In Psicologia il termine RESILIENTE assume un significato nuovo ma molto simile: indica colui che “si piega ma non si spezza”, a fronte di difficoltà, traumi, deprivazioni, insuccessi. E’ colui che dopo avere affrontato provlematiche di natura psicologica e/o materiale ritorla allo stato precedente le difficoltà (o meglio di prima).
La resilienza è favorita da un sistema di pensieri e di convinzioni che si riferiscono alla controllabilità di cià che accade (“Io posso uscire dal momento difficile), ma implica anche delle abilità e competenze a livello sociale (“Gli altri credono in me e mi sostengono).

[Moè, A. 2010. La motivazione, Il Mulino]

La resilienza è divenuta l’elemento centrale di frequenti riflessioni e numerose indagini, tanto che nel 2014 sono uscite più di 1700 pubblicazioni scientifiche, contro le meno di 10 all’anno dei primi anni novanta [David Gourion sul n. 144 di Mente & cervello – Dicembre 2016]

LA PLASTICITA' CEREBRALE

Anche il termine PLASTICITA’ nasce con riferimento ad alcune caratteristiche fisiche dei materiali ma finisce per trovare spazio in ambiti molto diversi, da quello artistico a quello biologico.

In particolare la PLASTICITA’ NEURALE e la PLASTICITA’ CEREBRALE sono dei fenomeni definiti e studiati dalla psicologia, dalla biologia e dalla medicina.
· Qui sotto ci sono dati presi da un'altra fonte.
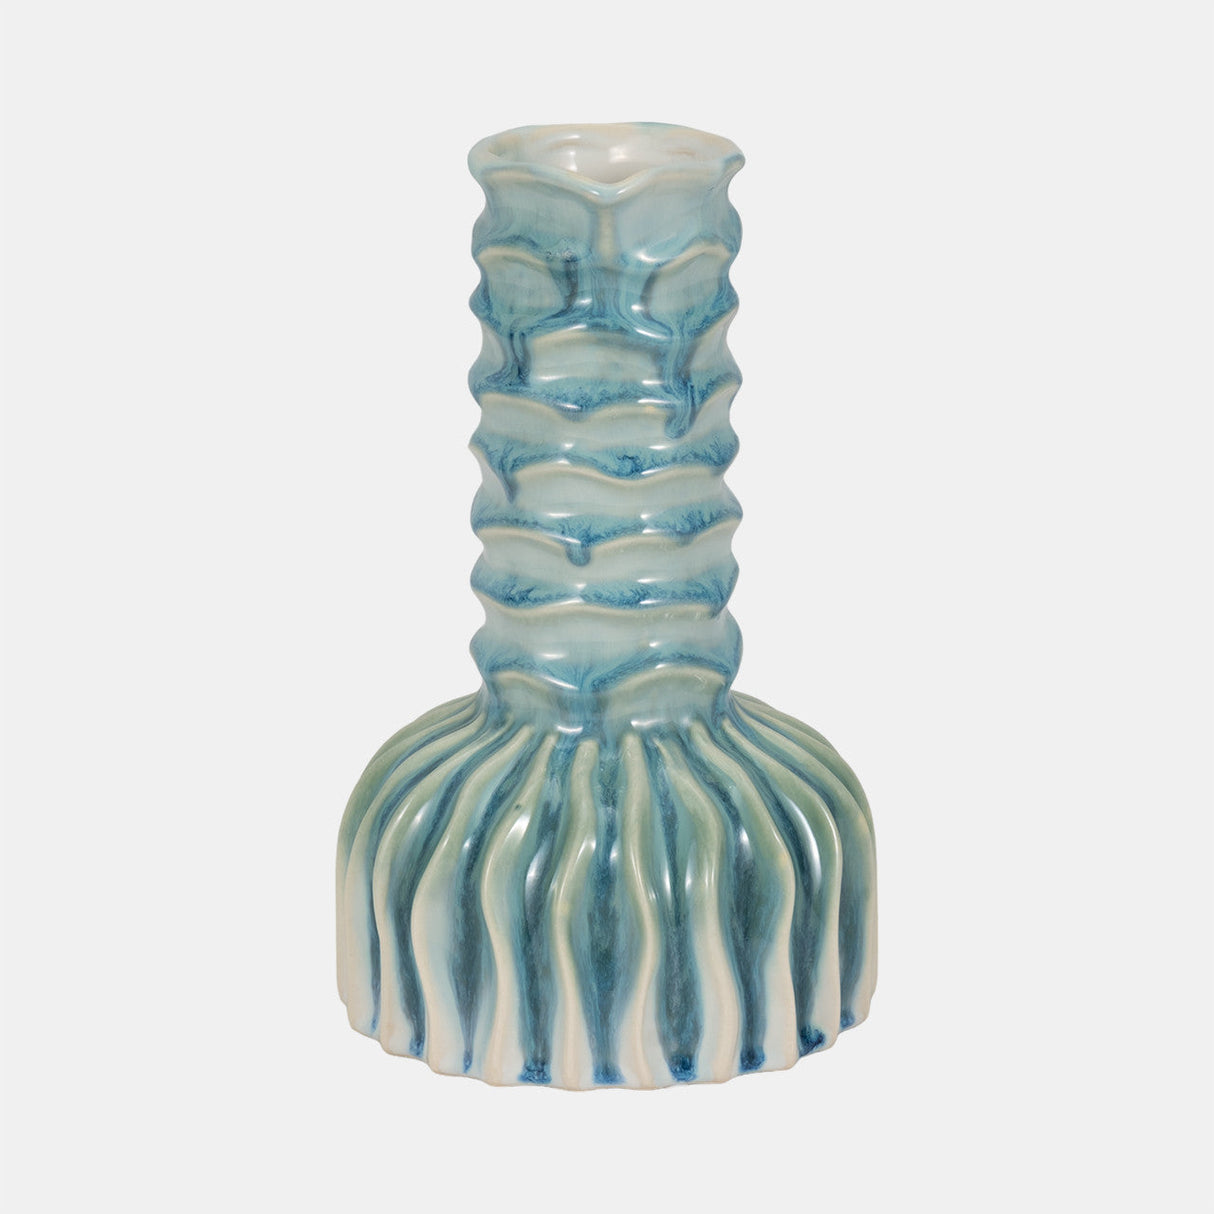 9" Coastal Ribbed Bud Vase Reactive Finish, Blue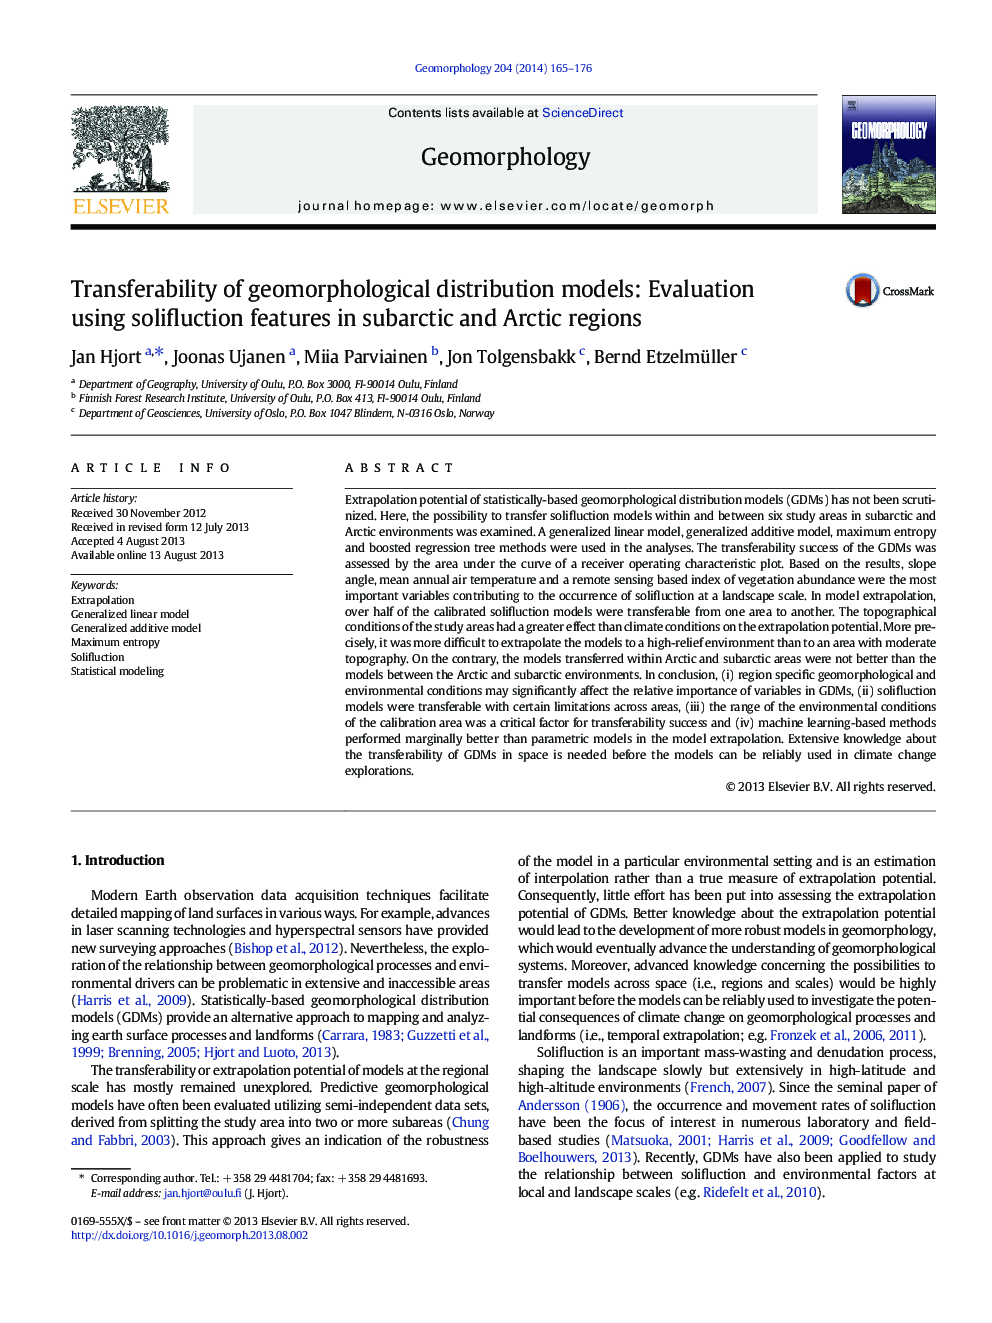 قابلیت انتقال مدل های توزیع ژئومورفولوژیکی: ارزیابی با استفاده از ویژگی های سلفالکس در مناطق سابارکتیک و قطب شمال

La prima riguarda i fondamenti biologici dell’apprendimento e il tema dell’epigenetica.

La seconda si basa sulla prima e riguarda la capacità dell’encefalo (cervello, cervelletto e tronco encefalico) di modificare la propria struttura e le proprie funzionalità – anche in reazione a traumi o patologie – e in relazione al processo di sviluppo dell’individuo (ha un potenziale maggiore nell’età evolutiva).

Ecco perchè imparare a suonare uno strumento musicale o studiare una lingua straniera sono attività in grado di cambiare la struttura del nostro cervello, ed ecco perchè dalle neuroimmagini l’ippocampo dei tassisti risulta più sviluppato.